Там, под большим серым камнем с изображением красной звезды на одной стороне и якоря на другой, были погребены члены Бугульминского ревкома Петровская и Просвиркин, и вместе с ними – неизвестный матрос.

– Я хорошо знал товарищей Петровскую и Просвиркина, – Гали-абзы положил руку на плечо юноши. – Работал под их началом. Они были настоящие люди, жизни своей не пожалели для народа. Иначе и нельзя, Газинур. Люди с заячьей душонкой никогда не побеждают. Борцу за революцию нужно иметь сердце горного орла.

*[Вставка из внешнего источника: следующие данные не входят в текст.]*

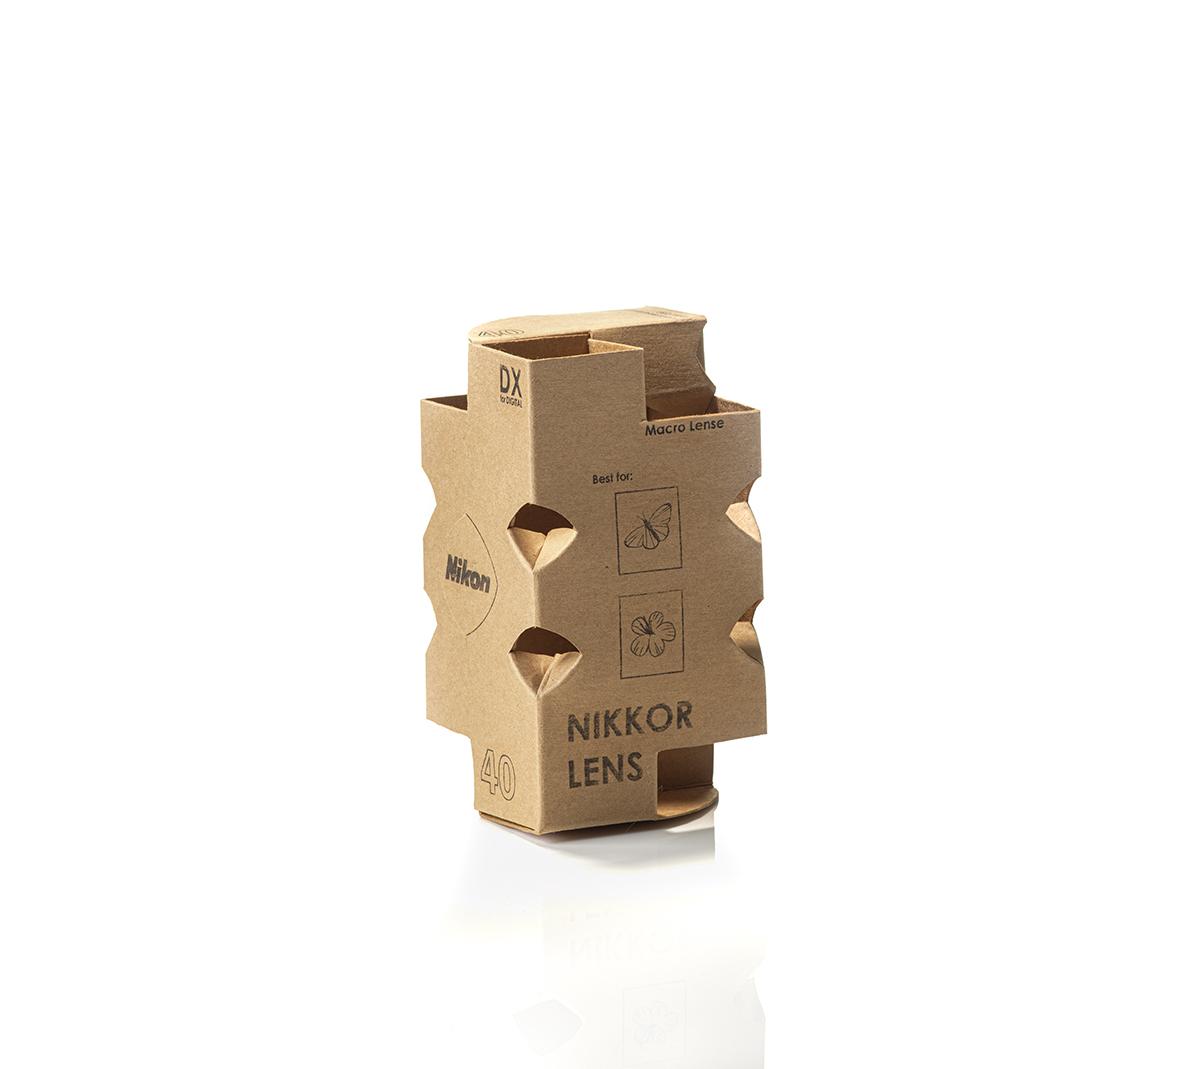 carton-award-image 233193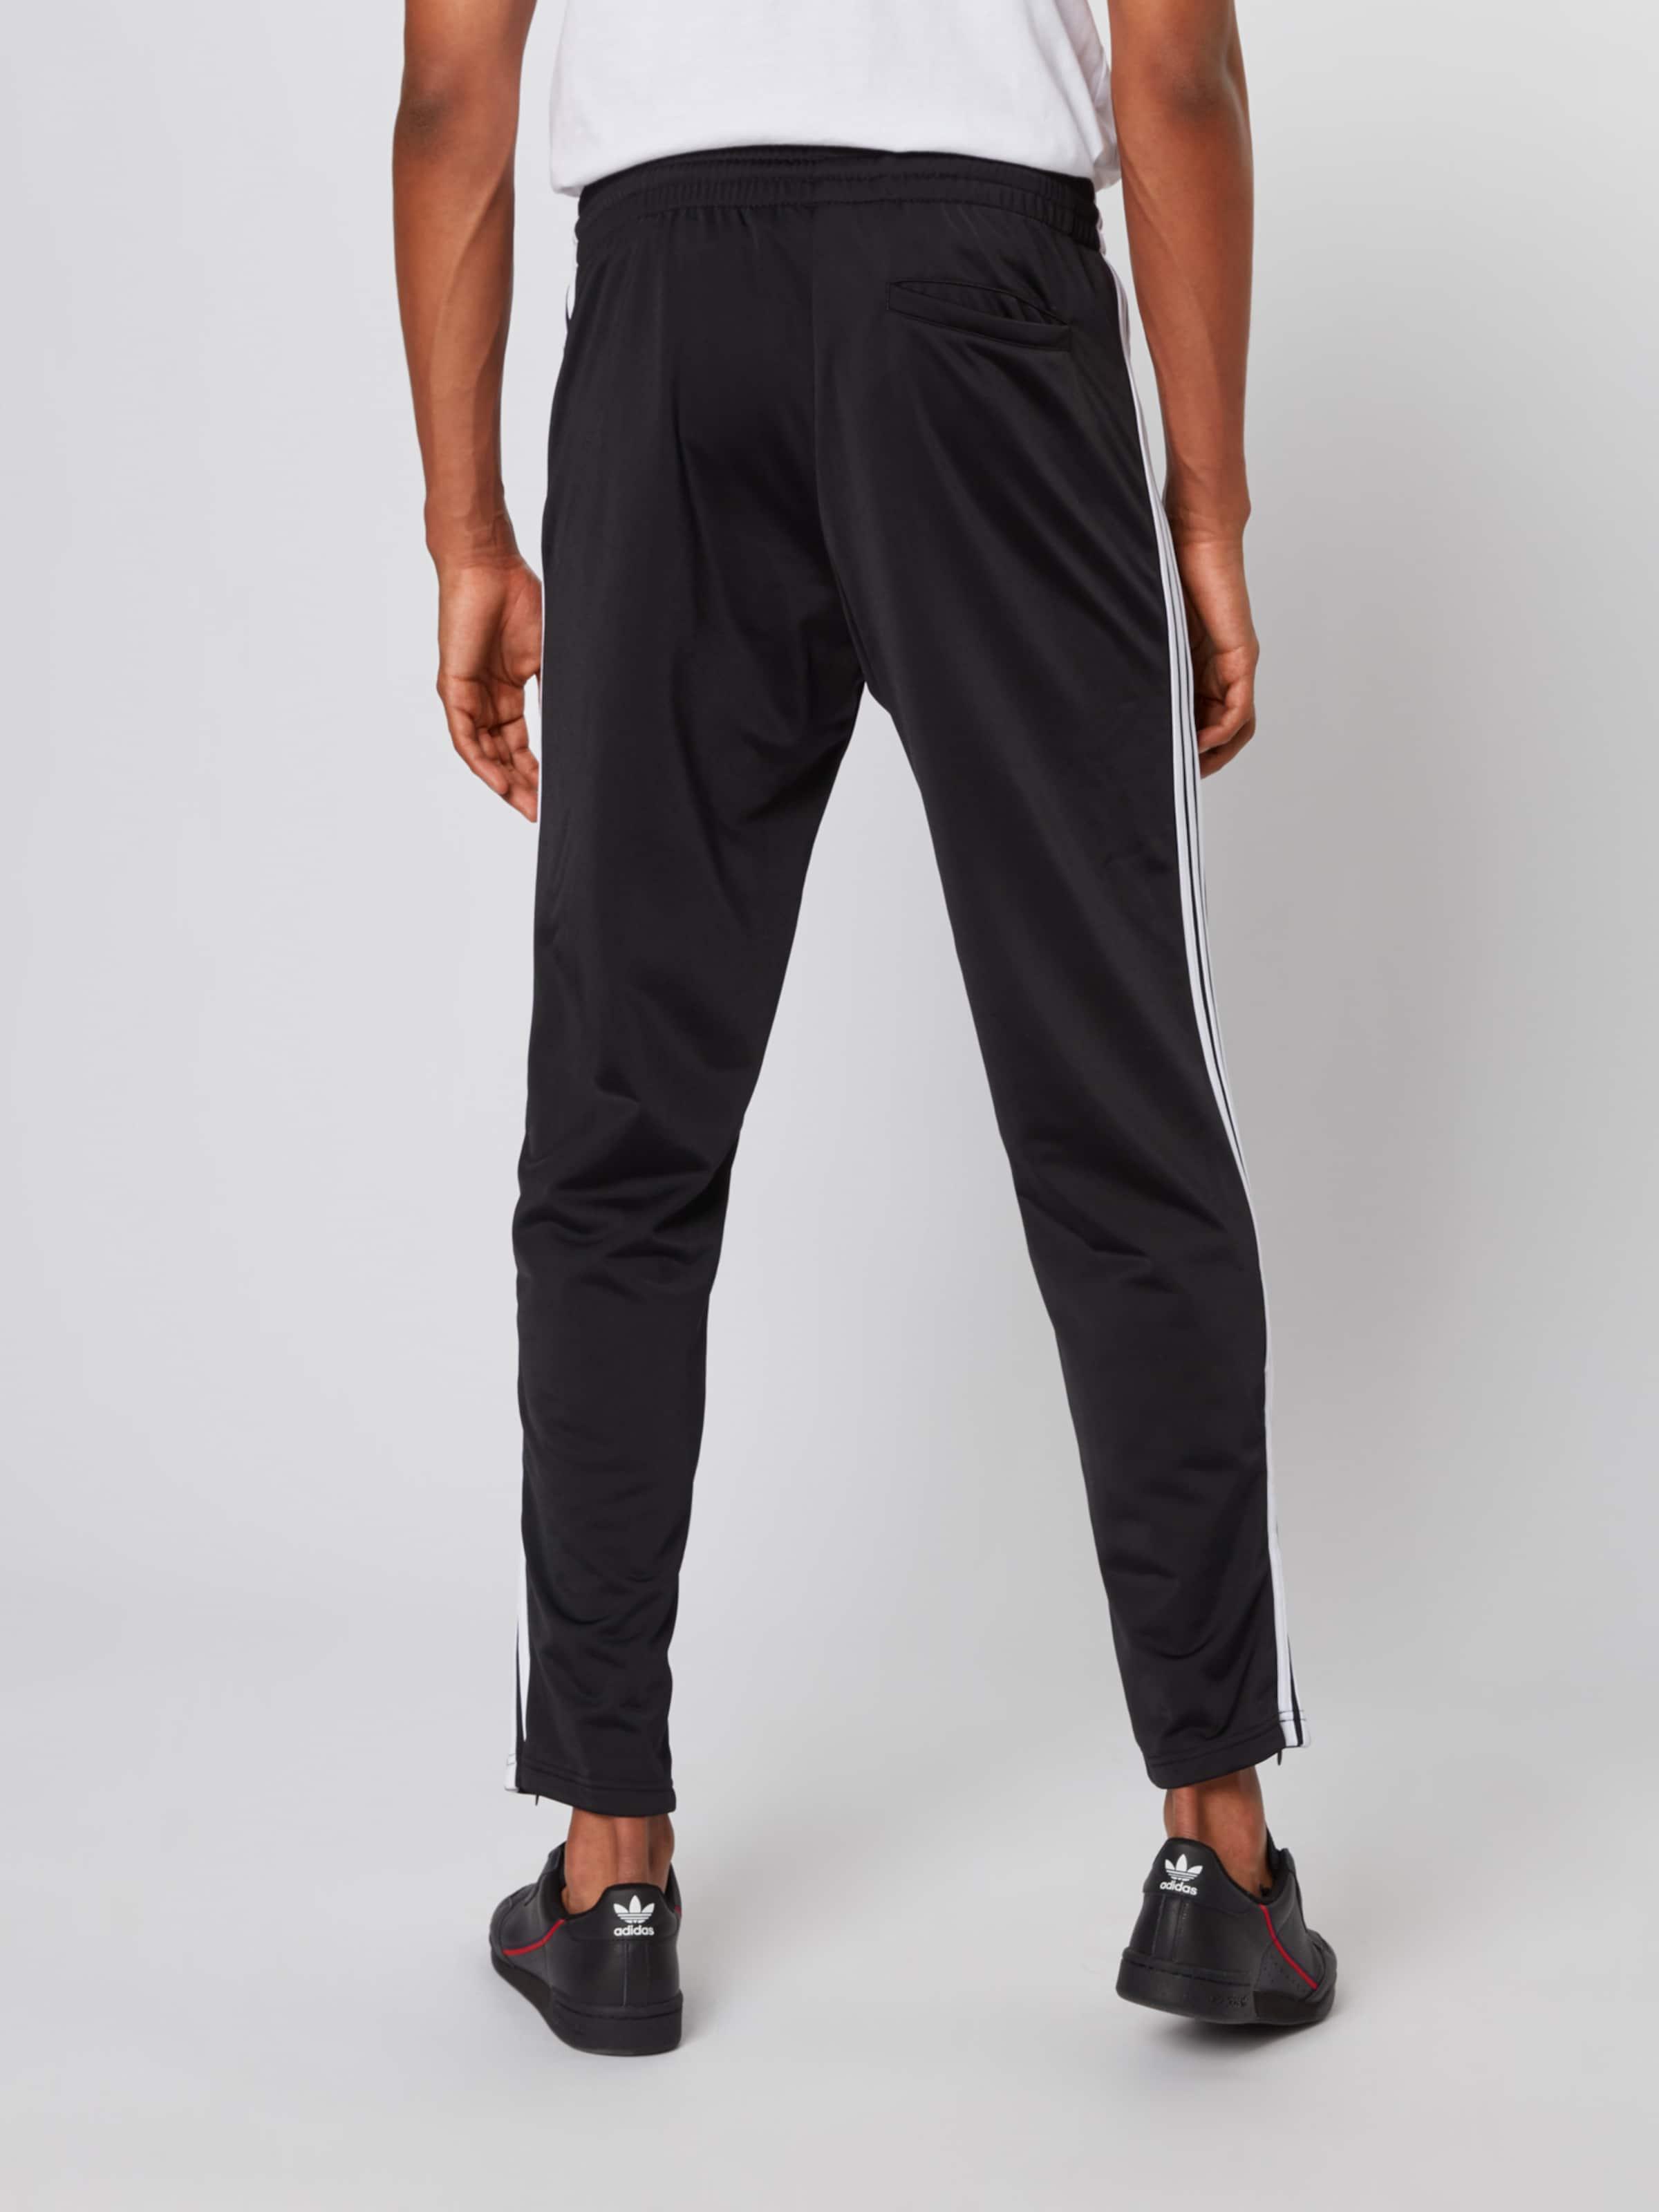 Pantalon Tp' Noir 'firebird Originals En Adidas 3L54qcjRA

…Как сейчас стоит у меня перед глазами и матрос. Он появился в Бугульме в самое трудное время. Как удалось ему прорваться через вражеское кольцо, плотно охватившее тогда Бугульму, этого я не знаю. В ревкоме готовились к последнему бою. В это время он и ввалился, волоча за собой пулемёт. Молодой, здоровущий. По поясу гранаты, пулемётные ленты через плечо, на голове бескозырка. «Я от Ленина, – сказал он, улыбаясь. – Разрешите встать на вахту за советскую власть». И стал прилаживать свой пулемёт у окна. На улице уже поднялась стрельба…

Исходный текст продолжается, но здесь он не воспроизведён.